The tires on a top fueler run low pressures and by design distort under initial acceleration, causing the contact patch to grow into a sort of heart-shaped affair for the launch; as speed increases (rapidly), centrifical force caused the tires to grow in diameter which changes the final drive ratio. |
Your physics teacher was obviously no idiot or he wouldn't have been teaching physics, but it sounds like he was trying to apply simple theory and ideal behavior to the real world. In some ways that makes him an idiot. I had a physics teacher try to do the same with me in HS. He told me that all driveshafts were solid because it takes less energy to rotate a solid object than a hollow one. He was right about the last part, but the drive shaft in my '65 impala was most definitely hollow.
Part of the issue is that tire rubber can only withstand so much force before the rubber starts to shred and tear. By spreading the Frictional force over more rubber that reduces the force acting on each small area of rubber. Also heat is an issue and larger tires will not get as hot as smaller tires. Excess heat is bad for tire rubber. Also, there's more to the friction that a tire makes than just the adhesion between the two materials. There's a great book on this of which the internet has a couple of really good excerpts. I'll find it and post. |
Here, check this out
http://insideracingtechnology.com/booktiredescrptn.htm lots of good info including some physics stuff. |
The size and shape of a tire helps to determine the shape of the contact patch and the way the tire works as a whole system.
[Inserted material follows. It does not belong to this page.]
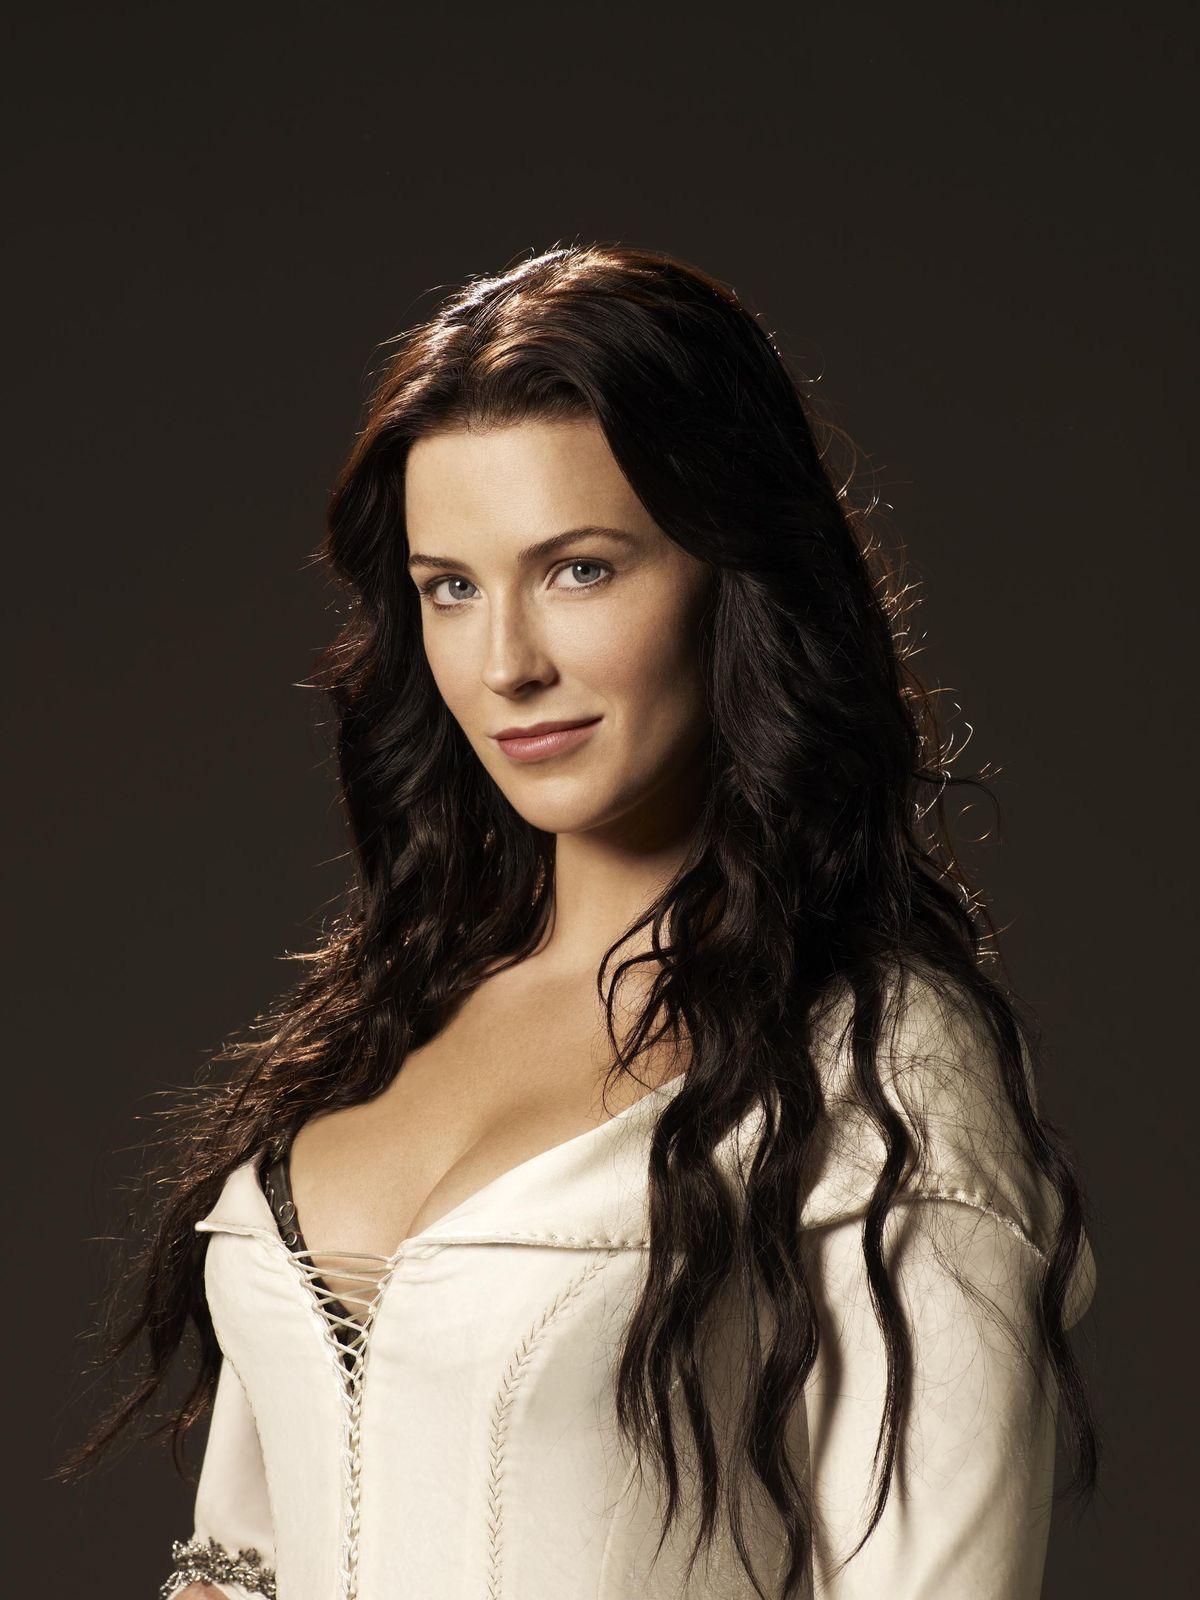 Beautiful Bridget Reagan

We all know that tires are more than just a static square contact patch that exhibits friction. Sports car tires, to maximize cornering want a contact patch that runs mostly side to side. Dragster tires need to accelerate, so their contact patch needs to be longer from front to back. Also, the sidewalls of a dragster tire are designed to be soft, allow the bead of the tire to rotate in relation to the tread surface, and be a part of the whole traction system. It's more than just where the rubber meets the road. Tires and traction are part of a whole system.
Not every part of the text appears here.